北北工業と城南大学の案件は両者の癒着が判明したため、中田第三事業部長の判断で商談を打ち切りました。残る問題案件のラビット製薬のプロジェクトは、愛須課長と坊津君らの頑張りで、ユーザーとの関係改善にこぎ着けます。そんな矢先、過労がたたり愛須課長が倒れてしまいました。さらに上層部では、第三営業部の生みの親、加納副社長に危機が迫ります。


「では、これにて役員会を閉会します。なにかほかに議題はありませんか?」
 それは、決算数値の最終打ち合わせが終了した3月最後の役員会でのことです。会議終了の合図に社長がそう言ったとき、1人の役員が手を挙げました。

「社長、準備された議題にはありませんが、緊急性があると思いまして提案がございます。よろしいですか」
「なんだね、宇尾野専務」
「品質管理担当役員といたしまして申し上げます」
 宇尾野専務は楕円形の会議卓に座った8人の役員の顔をぐるりと見回すと、こう言いました。
「今月末日、今週の金曜日をもって当社SE全員をラビット製薬から撤退させることを提案します」
 加納副社長は驚きました。カットオーバー目前にして、それも全面撤退とは。
「ええ、品質管理担当役員といたしましては、これ以上の負担はいかがかと思います」
 こいつはなにを言い出すのだろう。加納副社長は訝しく思いましたが、次の瞬間、すべてが分かりました。
「いまからラビット製薬における品質管理レポートをお渡しします。これを作成したのは、担当事業部長である鯨井さんです」

 宇尾野専務が、投資会社を通じて当社を一部上場の大手ソフト開発会社、キングソフトへ売却するという話を持ってきたのはちょうど1年前。

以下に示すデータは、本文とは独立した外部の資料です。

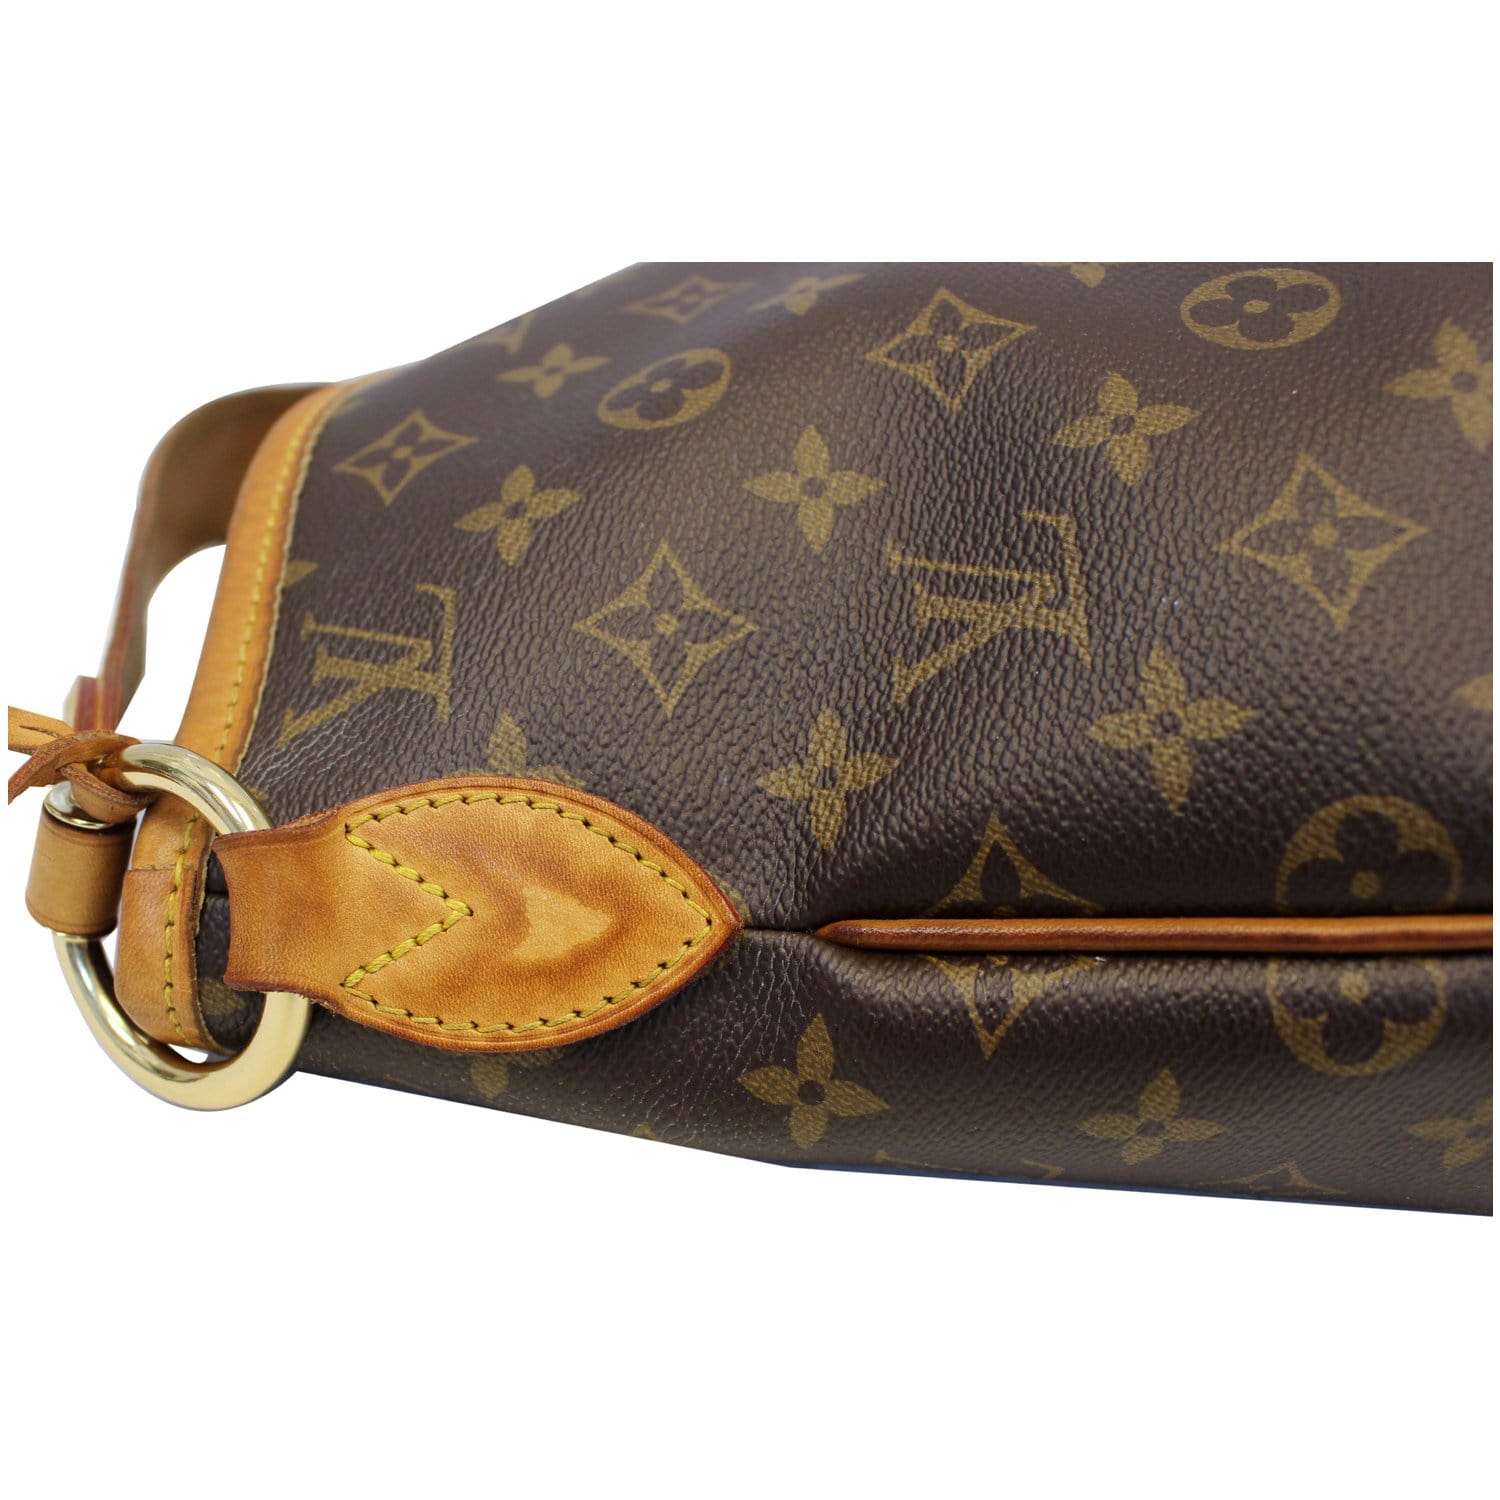 Louis Vuitton Monogram Delightful PM Shoulder Bag M50155
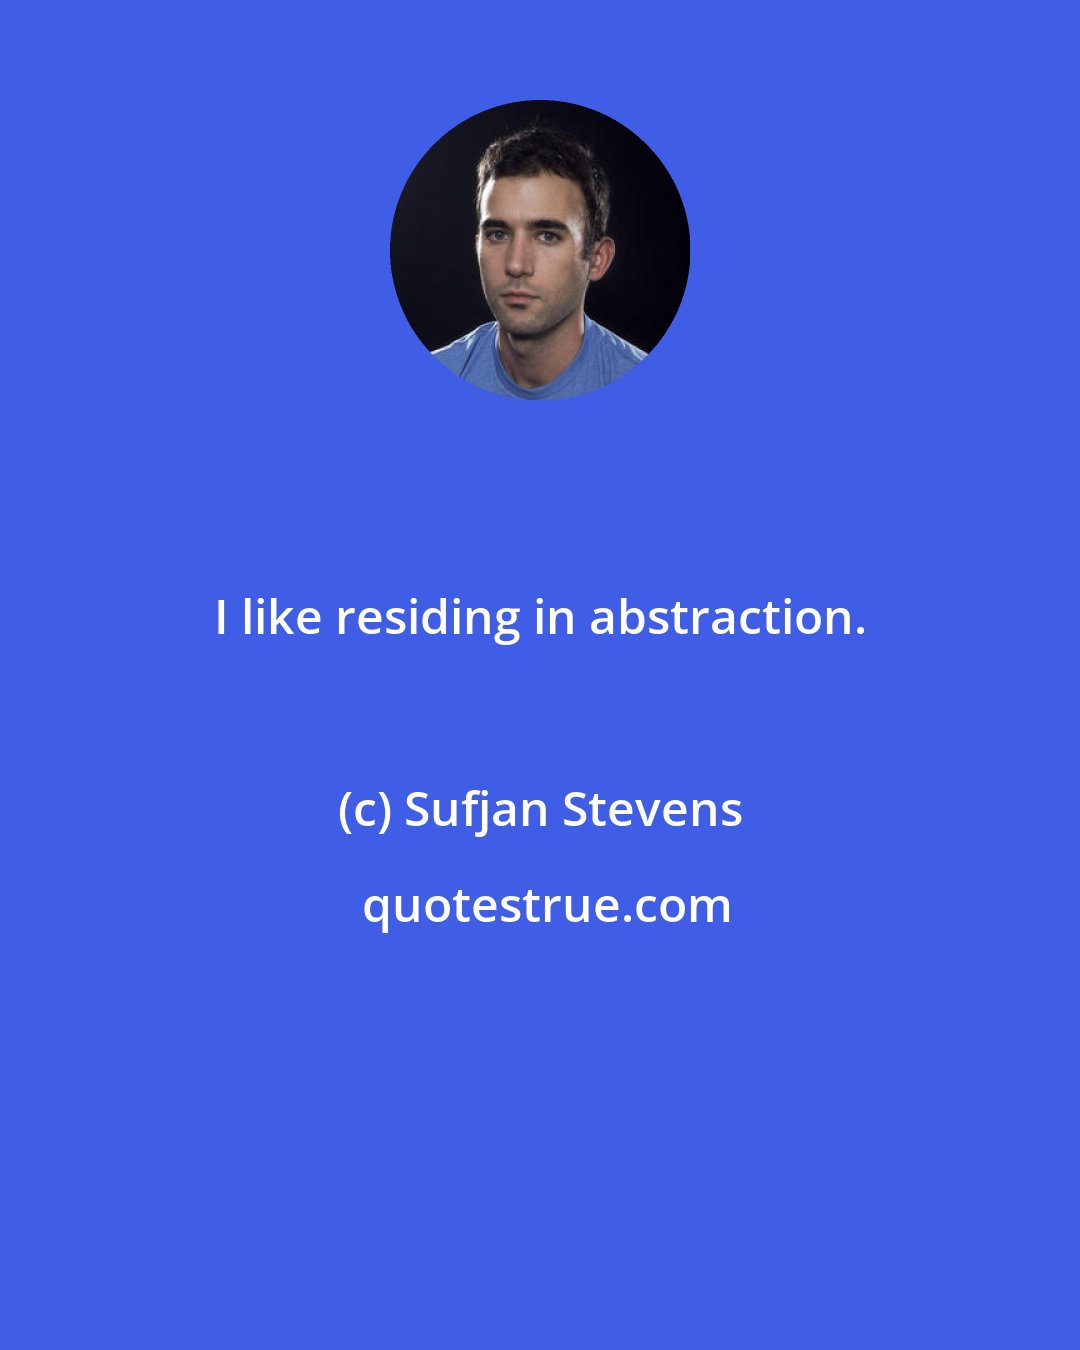 Sufjan Stevens: I like residing in abstraction.

加納副社長率いる反対派と激しい対立の結果、先送りになったことは、役員会のメンバーの記憶にも新しいところです。
 当社は、オーナーである社長が株式の過半数を持ち、残りを社長の親族と役員が持つという典型的なオーナー企業です。社長親族名義というのは、もちろんすべて社長の持ち分であり、合計で8割程度。その何割かを売却し、さらにキングソフトに割り当て増資を行い、過半数を持たせ経営権の譲渡、という筋書きでした。

「上場企業であるキングソフト傘下に入ることで、経営は安定し社員も安心して働けることでしょう」
 宇尾野専務の出身は、キングソフトの大口発注元でもあるジャパン電気です。おそらく、身売りすることで、いくらかの特別ボーナスが彼の懐に入り、整理人事の後も居座るという寸法でしょう。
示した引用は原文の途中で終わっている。